Agrobacterium-mediated gene transfer was used to transfer the added 
genes into the recipient Coker 312 cotton variety. The petitioner 
states that while the VIP3A protein shares no homology with known Cry 
proteins, testing has shown that VIP3A is similarly specific in 
toxicity only to the larvae of certain lepidopteran species. However, 
the VIP3A apparently targets a different receptor than the Cry1 
proteins in sensitive species and therefore may be useful in the 
management of pest resistance.
    Event COT102 has been considered a regulated article under the 
regulations in 7 CFR part 340 because it contains gene sequences from 
the plant pathogen Agrobacterium tumefaciens. This cotton event has 
been field tested since 2000 in the United States under APHIS 
notifications.

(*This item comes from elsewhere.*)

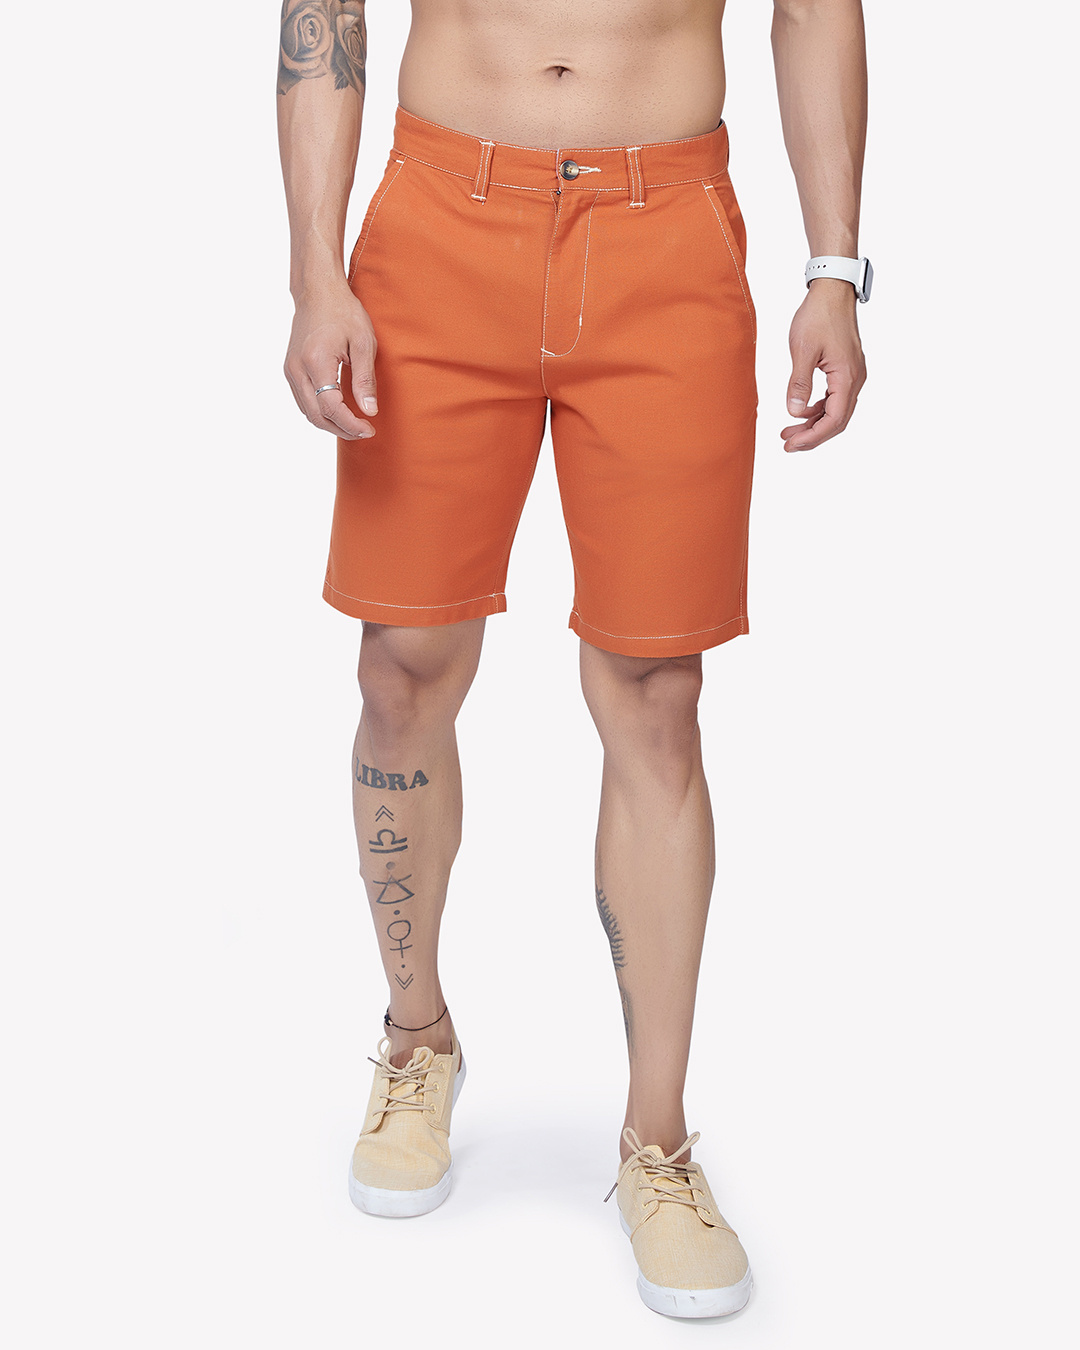 Buy Men's Orange Shorts Online at Bewakoof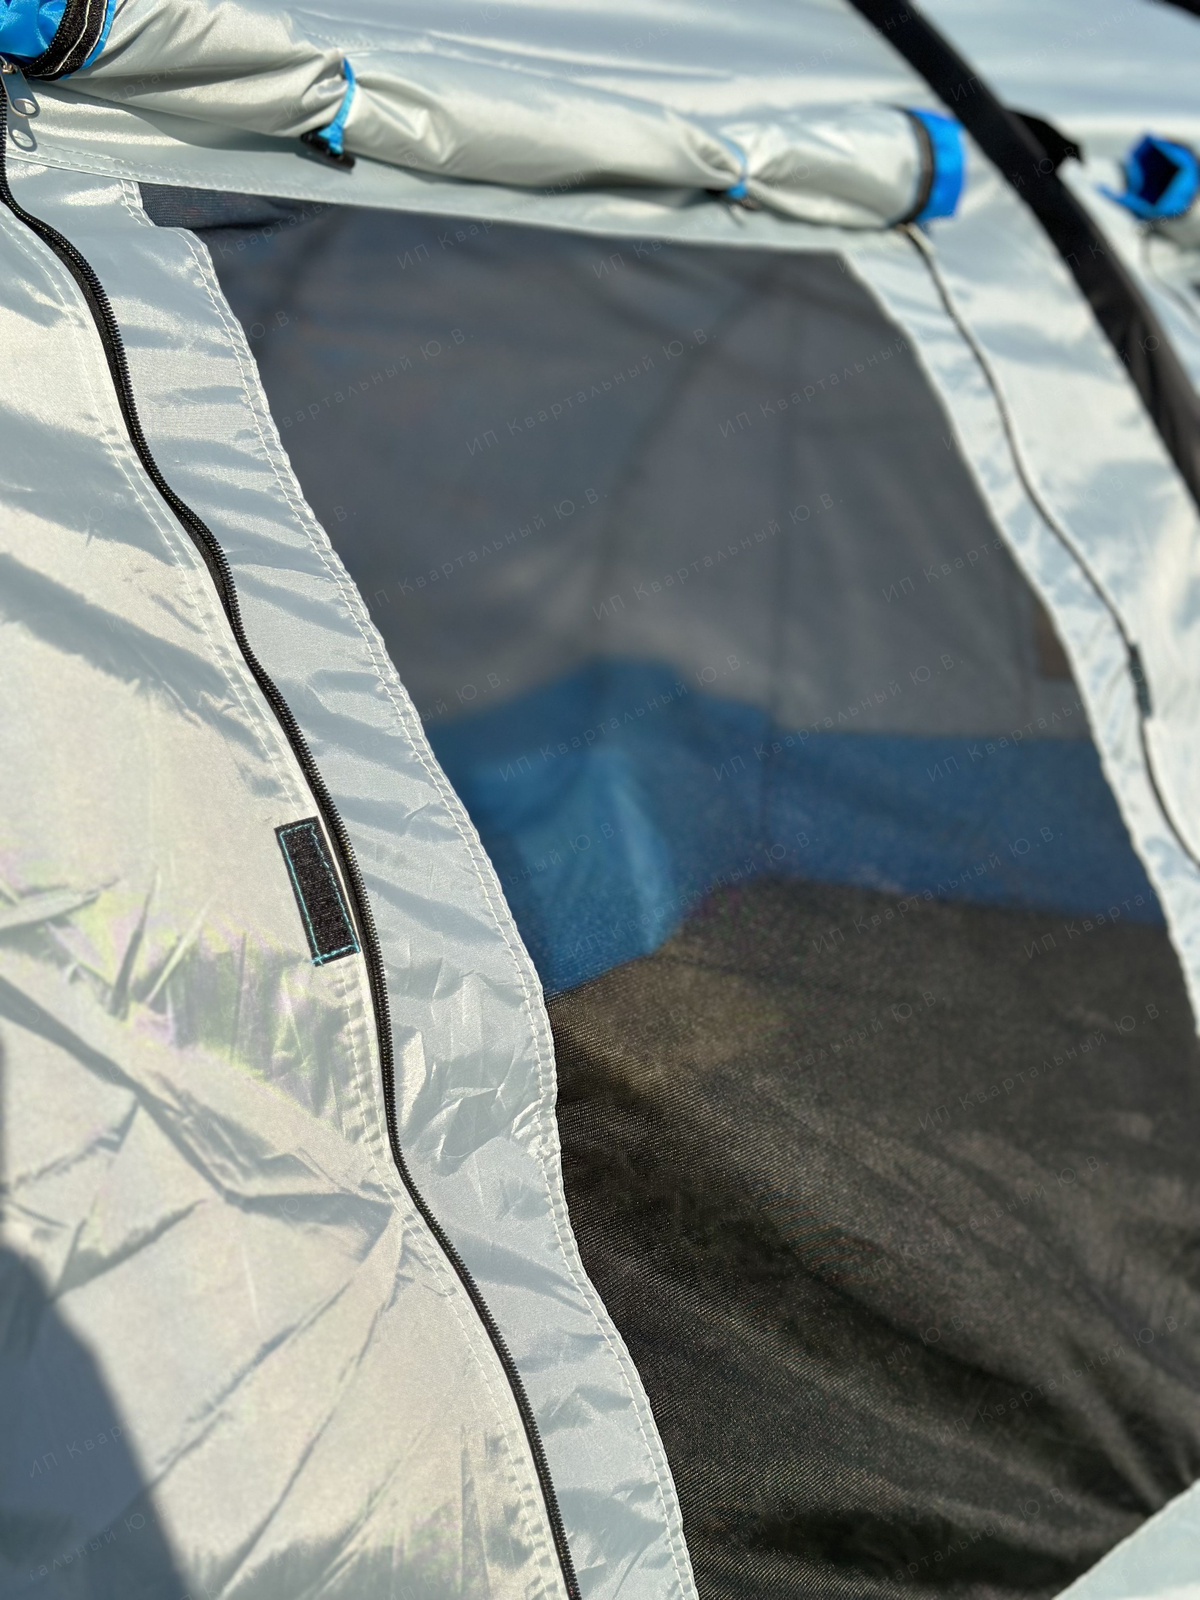 5 больших окон внешнего тента на молнии и оснащены москитными сетками. Создают светлое пространство внутри. Также, благодаря им в палатке отличная вентиляция.

In the process of reviewing the notifications for field 
trials of the subject cotton, APHIS determined that the vector was 
disarmed and that the trials, which were conducted under conditions of 
reproductive and physical confinement or isolation, would not present a 
risk of plant pest introduction or dissemination.

Determination

    Based on its analysis of the data submitted by Syngenta Seeds, 
Inc., a review of other scientific data, field tests of the subject 
cotton, and comments submitted by the public, APHIS has determined that 
COT102 cotton: (1) Exhibits no plant pathogenic properties; (2) is no 
more likely to become weedy than the nontransgenic parental line or 
other cultivated cotton; (3) is unlikely to increase the weediness 
potential of any other cultivated or wild species with which it can 
interbreed; (4) will not cause damage to raw or processed agricultural 
commodities; (5) will not harm threatened or endangered species or 
organisms that are beneficial to agriculture; and (6) should not reduce 
the ability to control pests and weeds in cotton or other crops. 
Therefore, APHIS has concluded that the subject cotton and any progeny 
derived from hybrid crosses with other non-transformed cotton varieties 
will be as safe to grow as cotton in traditional breeding programs that 
are not subject to regulation under 7 CFR part 340. The effect of this 
determination is that Syngenta's COT102 cotton is no longer considered 
a regulated article under APHIS' regulations in 7 CFR part 340.
    Therefore, the requirements pertaining to regulated articles under 
those regulations no longer apply to the subject cotton or its progeny. 
However, importation of COT102 cotton and seeds capable of propagation 
are still subject to the restrictions found in APHIS' foreign 
quarantine notices in 7 CFR part 319 and imported seed regulations in 7 
CFR part 361.

National Environmental Policy Act

    An EA was prepared to examine any potential environmental impacts 
associated with the proposed determination of nonregulated status for 
the subject cotton. The EA was prepared in accordance with (1) The 
National Environmental Policy Act of 1969 (NEPA), as amended (42 U.S.C. 
4321 et seq.), (2) regulations of the Council on Environmental Quality 
for implementing the procedural provisions of NEPA (40 CFR parts 1500-
1508), (3) USDA regulations implementing NEPA (7 CFR part 1b), and (4) 
APHIS' NEPA Implementing Procedures (7 CFR part 372). Based on that EA, 
APHIS has reached a FONSI with regard to the determination that 
Syngenta's COT102 cotton and lines developed from it are

[[Page 41681]]

no longer regulated articles under its regulations in 7 CFR part 340. 
Copies of the EA and FONSI are available as indicated in the FOR 
FURTHER INFORMATION CONTACT section of this notice.

    Authority: 7 U.S.C. 1622n and 7701-7772; 31 U.S.C. 9701; 7 CFR 
2.22, 2.80, and 371.3.

    Done in Washington, DC, this 14th day of July 2005.
Kevin Shea,
Acting Administrator, Animal and Plant Health Inspection Service.